= Prompt =
Nothing but the pictures is dropped; write out all the remaining data below exactly.

= Provided material =

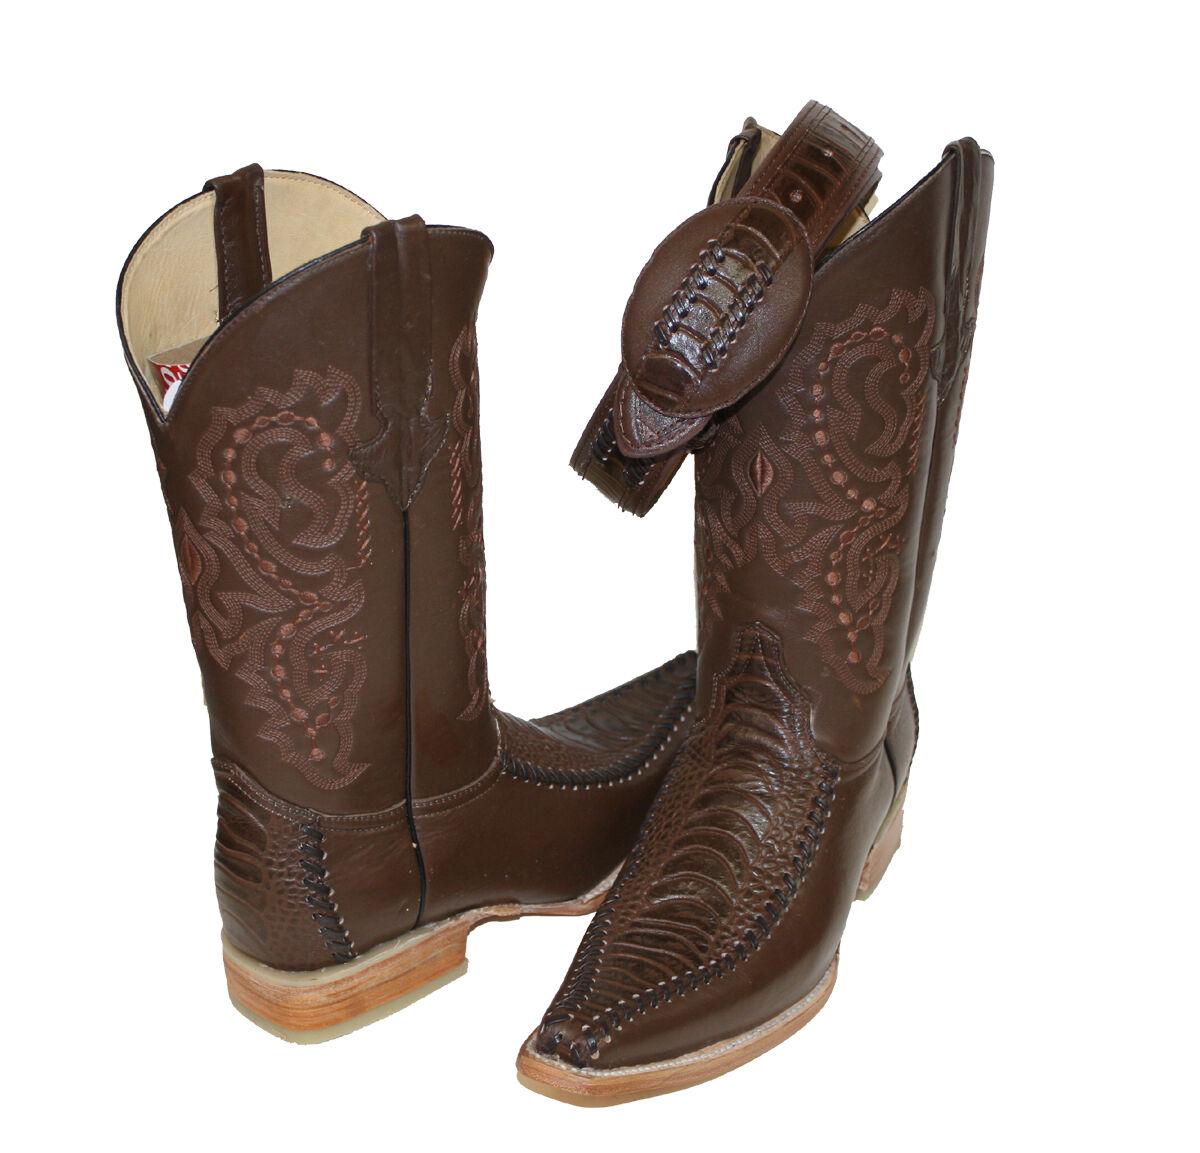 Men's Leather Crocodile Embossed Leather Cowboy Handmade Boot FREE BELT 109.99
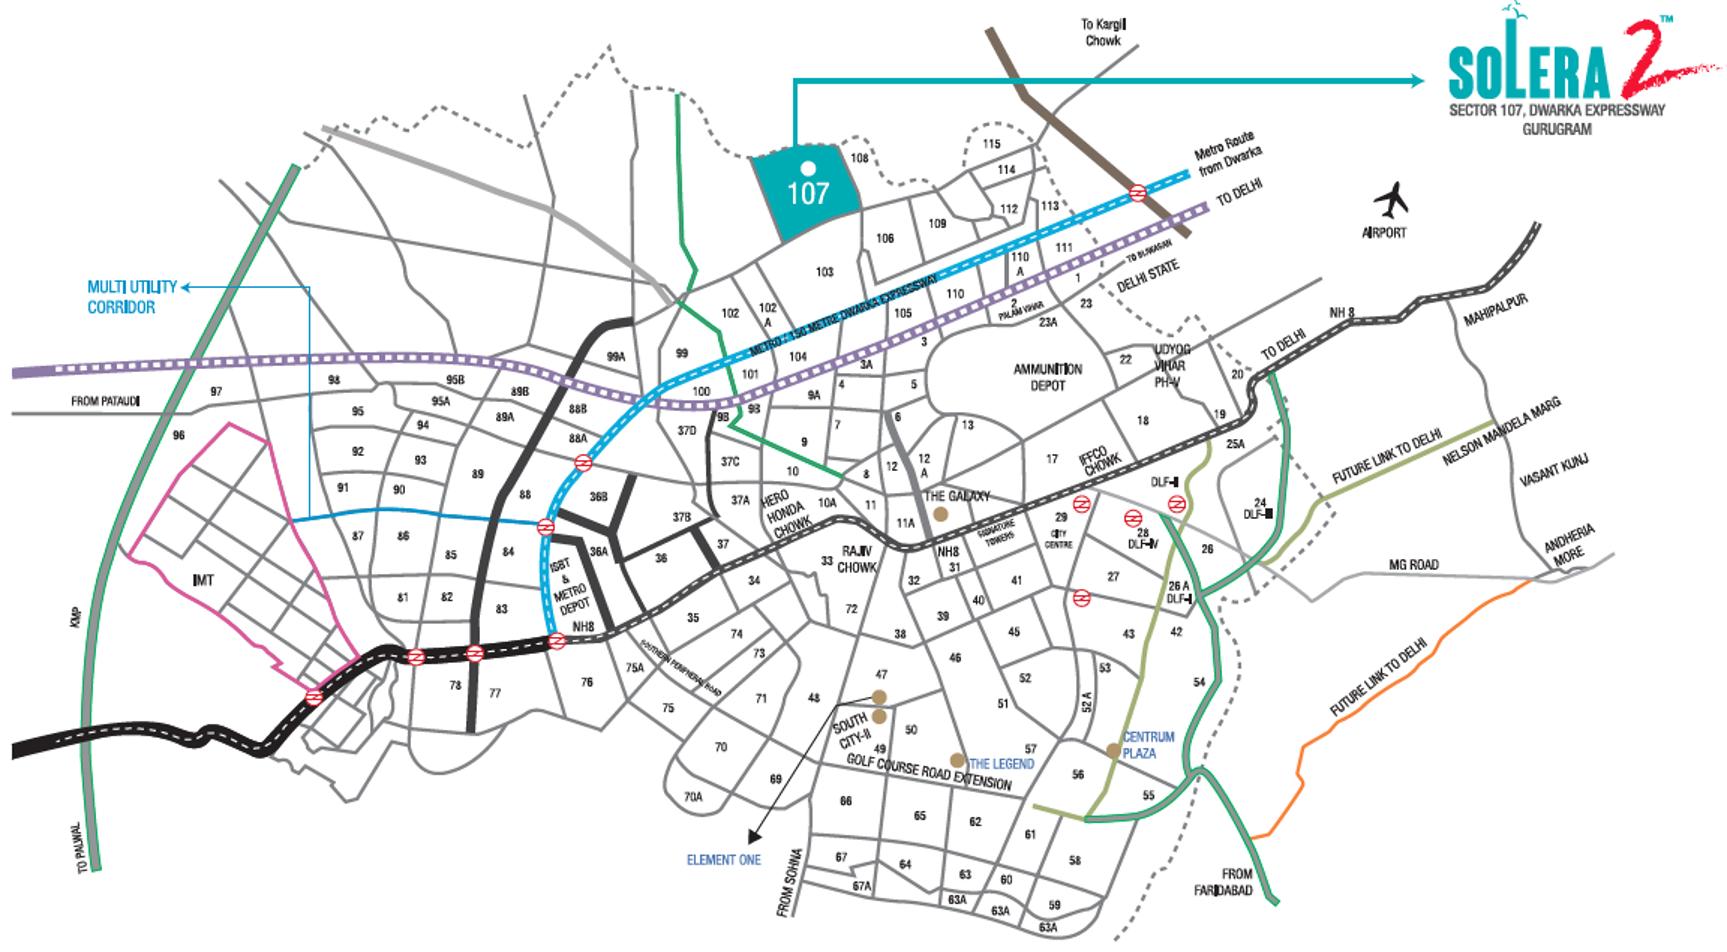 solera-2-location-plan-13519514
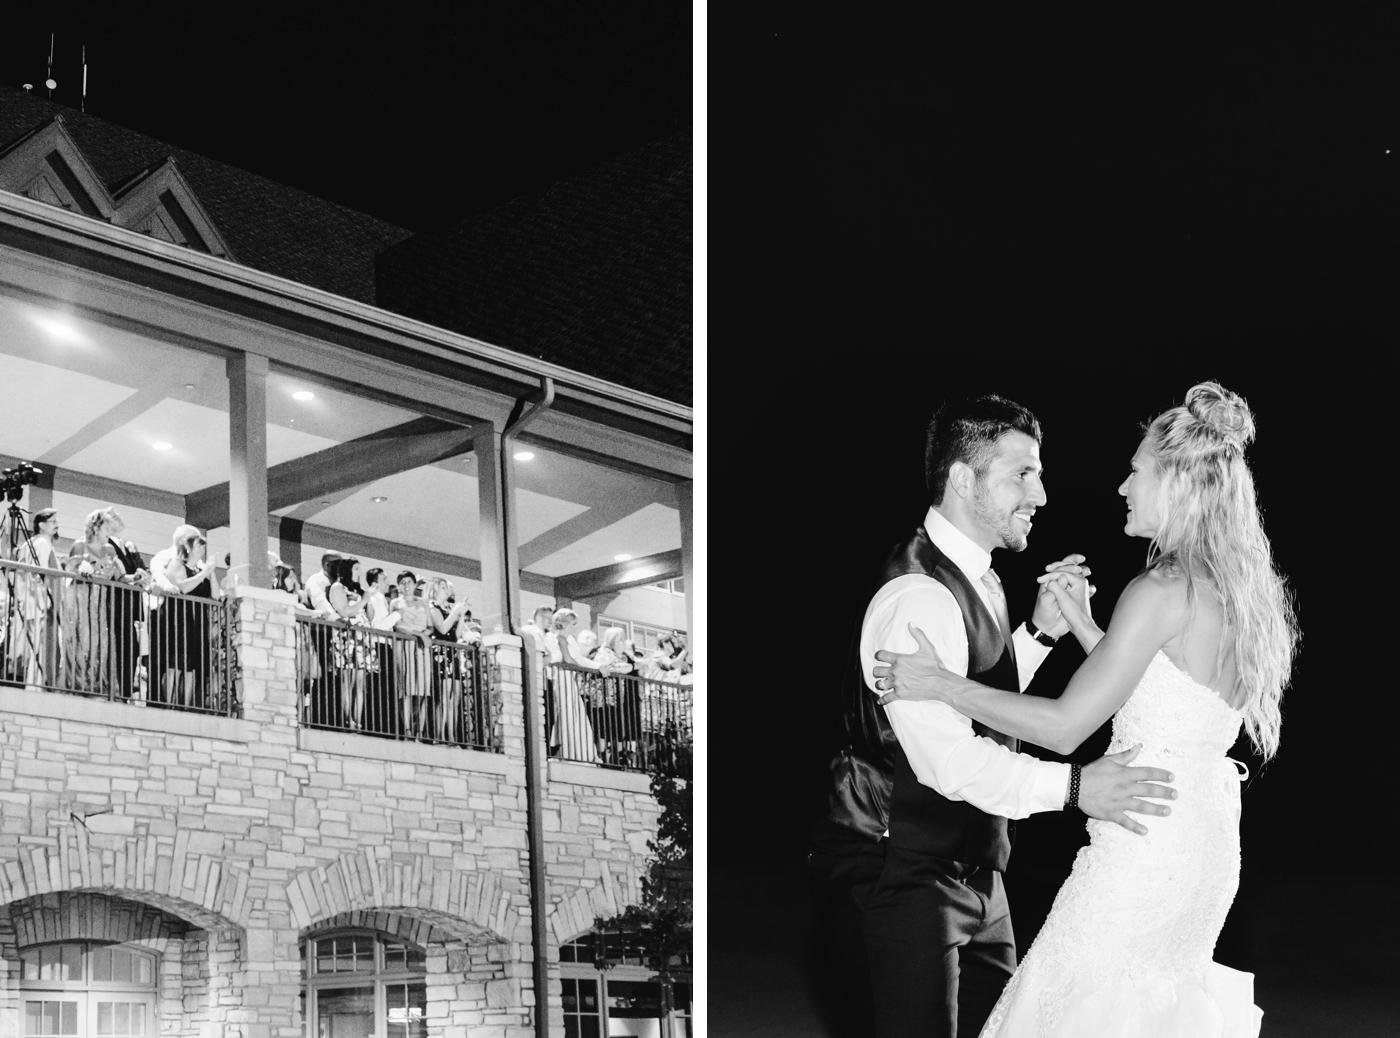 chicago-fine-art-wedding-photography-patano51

= Reply to the exercise =
 Men's Leather Crocodile Embossed Leather Cowboy Handmade Boot FREE BELT 109.99
 solera-2-location-plan-13519514
 chicago-fine-art-wedding-photography-patano51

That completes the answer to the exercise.